Question

When the right gap of a meter bridge consists of two equal resistors in series, the balancing point is at 50 cm. When one of the resistors in the right gap is removed and is connected in parallel to the resistor in the left gap, the balancing point is at

• A. 60 cm
• B. 33.3 cm
• C. 25 cm
• D. 40 cm

Hint:

For a meter bridge, $\frac{R_L}{R_R} = \frac{l}{100-l}$. If the ratio of resistances is known, solving for $l$ is straightforward.

Answer 1

The Correct Option is D

Step 1: Analyze First Case:
Left gap resistance = $X$. Right gap resistance = $R + R = 2R$. Balancing length $l_1 = 50$ cm. Wheatstone bridge principle: $\frac{X}{2R} = \frac{50}{100-50} = 1$. $\implies X = 2R$.
Step 2: Analyze Second Case:
One resistor $R$ is removed from the right gap. Right gap resistance = $R$. This removed resistor is connected in parallel to the left gap resistor ($X$).

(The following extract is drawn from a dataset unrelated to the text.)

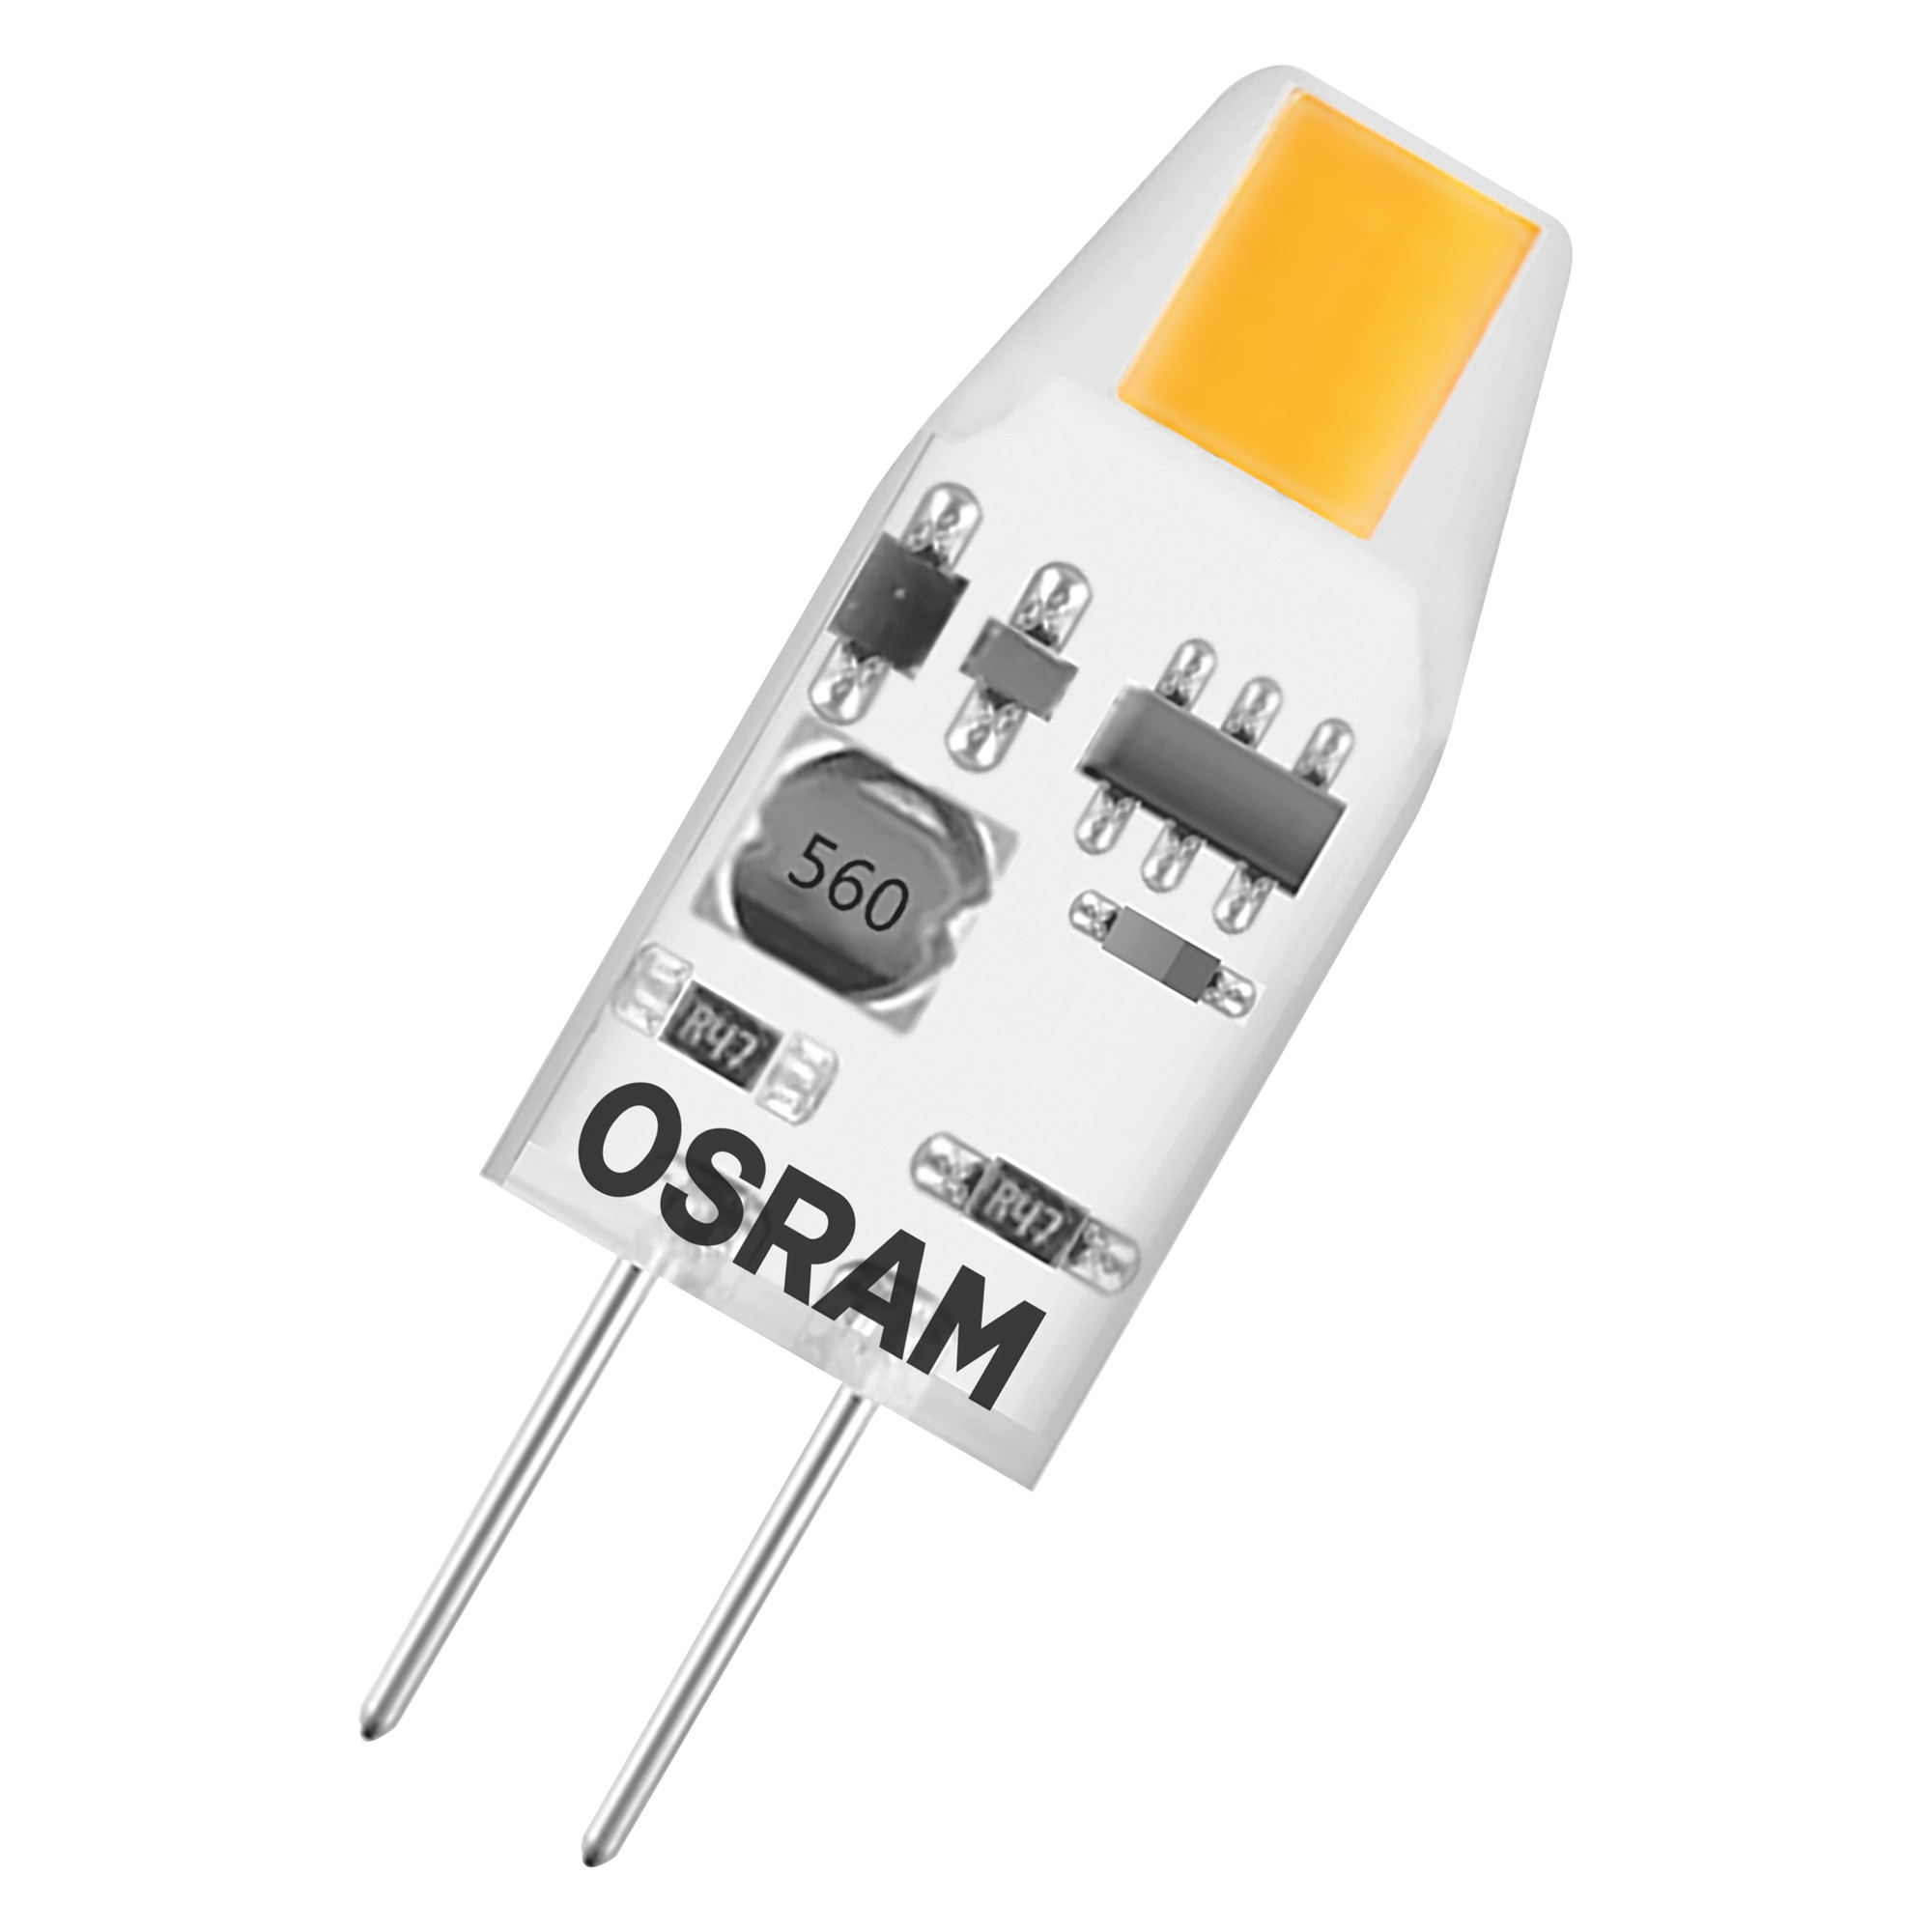 Osram LED Stiftsockellampe Filament Pin 1 Watt 827 2700 Kelvin warmweiss extra G4 klar

New Left gap resistance $X' = \frac{X \cdot R}{X + R}$. Since $X = 2R$, $X' = \frac{2R \cdot R}{2R + R} = \frac{2R^2}{3R} = \frac{2R}{3}$. New Right gap resistance = $R$.
Step 3: Find New Balancing Point ($l$):
Let the new balancing length be $l$. \[ \frac{X'}{R} = \frac{l}{100 - l} \] Substitute $X' = \frac{2R}{3}$: \[ \frac{2R/3}{R} = \frac{l}{100 - l} \] \[ \frac{2}{3} = \frac{l}{100 - l} \] \[ 2(100 - l) = 3l \] \[ 200 - 2l = 3l \implies 5l = 200 \implies l = 40 \text{ cm} \]